TRIAL COURT DID NOT DEPART FROM ESSENTIAL REQUIREMENTS OF LAW BY ALLOWING DEFENDANT TO ISSUE SUBPOENAS TO NON-PARTY HEALTH CARE PROVIDERS SEEKING PLAINTIFF’S MEDICAL RECORDS – REQUEST THAT THE PRODUCTION BE LIMITED TO 10 YEARS BEFORE THE ACCIDENT WAS PROPERLY REJECTED WHERE PLAINTIFF ADMITTED THAT SHE HAD BEEN DISABLED FROM A BACK INJURY FOR NEARLY 40 YEARS

Valyou v. Navedo, 50 Fla. L. Weekly D685 (Fla. 2nd DCA Mar. 21, 2025):

The plaintiff sued the defendant for injuries sustained in an automobile accident. The defendant served two notices under Rule 1.351, demonstrating the intent to subpoena several non-parties for various records, including medical records for a chiropractor, hospital and dentist.

The plaintiff objected to the issuance of those subpoenas, asserting that the production would violate her privacy rights. Plaintiff requested the trial court either limit the breadth and scope of the subpoenas to documents that related to her neck and back or in the alternative conduct an in-camera review. After a hearing, the trial court overruled the plaintiff’s objections.

The plaintiff argued in her petition that the subpoenas were too broad because they had no temporal limitation, no limitation in scope, no limitation indicating that they were for a one-time use, and that they stated on their face that they would disseminate the plaintiff’s date of birth (the plaintiff did not raise the one-time use or date of birth arguments to the lower court, so they were not considered as part of the writ).

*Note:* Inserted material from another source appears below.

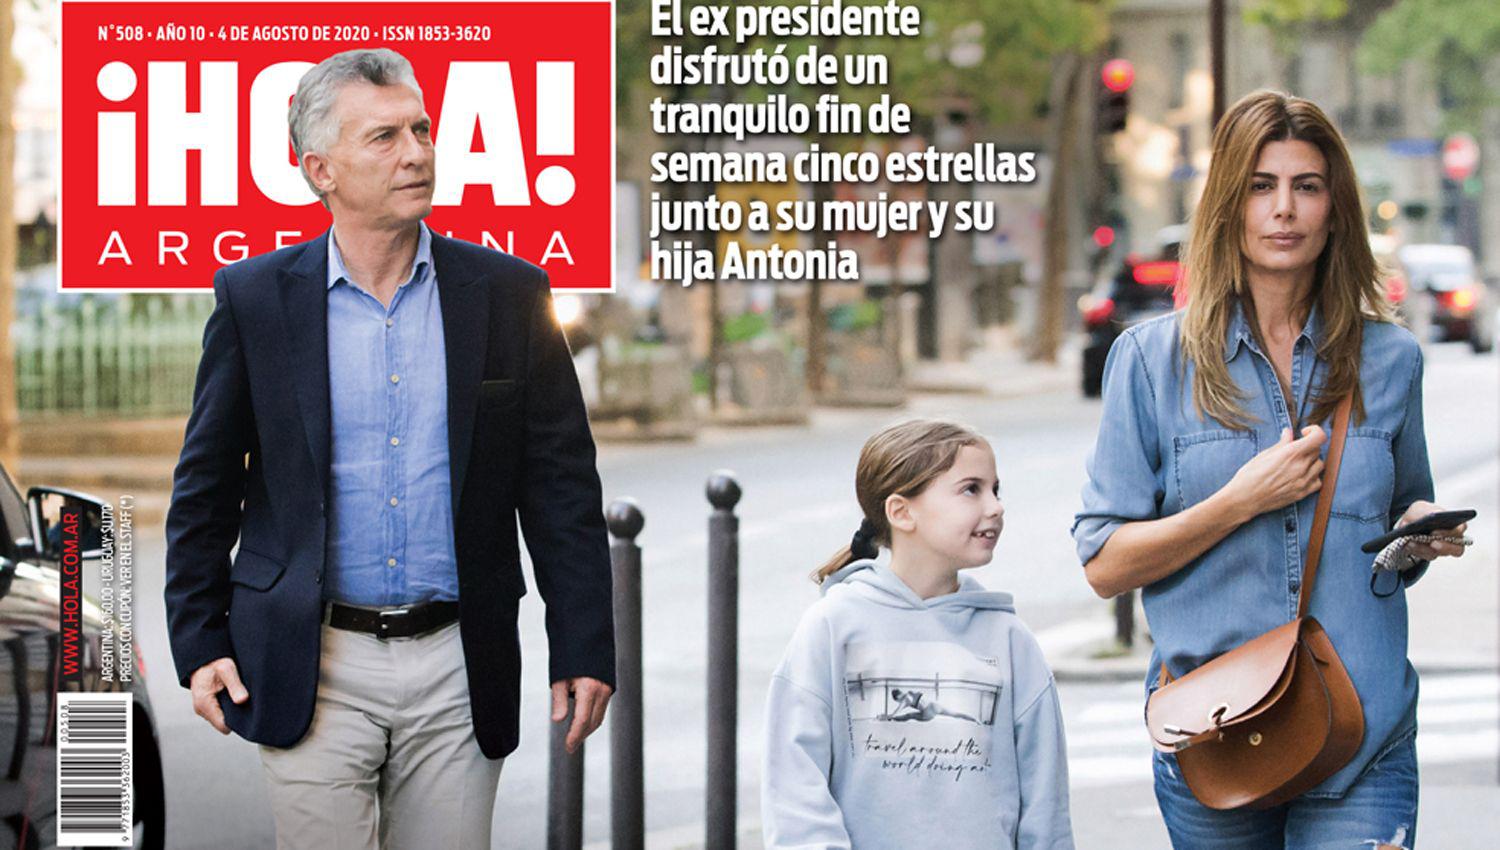 Llega una imperdible edicioacuten de la revista iexclHOLA Argentina

The argument regarding restricting these records for a 10-year period was overruled because the plaintiff conceded she had been disabled from a back injury since 1987. The plaintiff argued against production of her dental records based on the fact she wasn’t making any claim regarding anything dental.

The court concluded that the plaintiff’s claims for bodily injury damages allowed for the production of the requested records and found there was not support to limit the records to her generalized claims for neck and back damages.

As a final matter, the plaintiff never requested or expressed a need for an in-camera review of the records until after the objections were denied. The court found that the trial judge properly denied the plaintiff’s belated and non-specific demand following her complete failure to establish that it was highly probable that the subpoena’s issuance would result in the production of irrelevant records. The moral of the story is to request the in-camera inspection at the outset.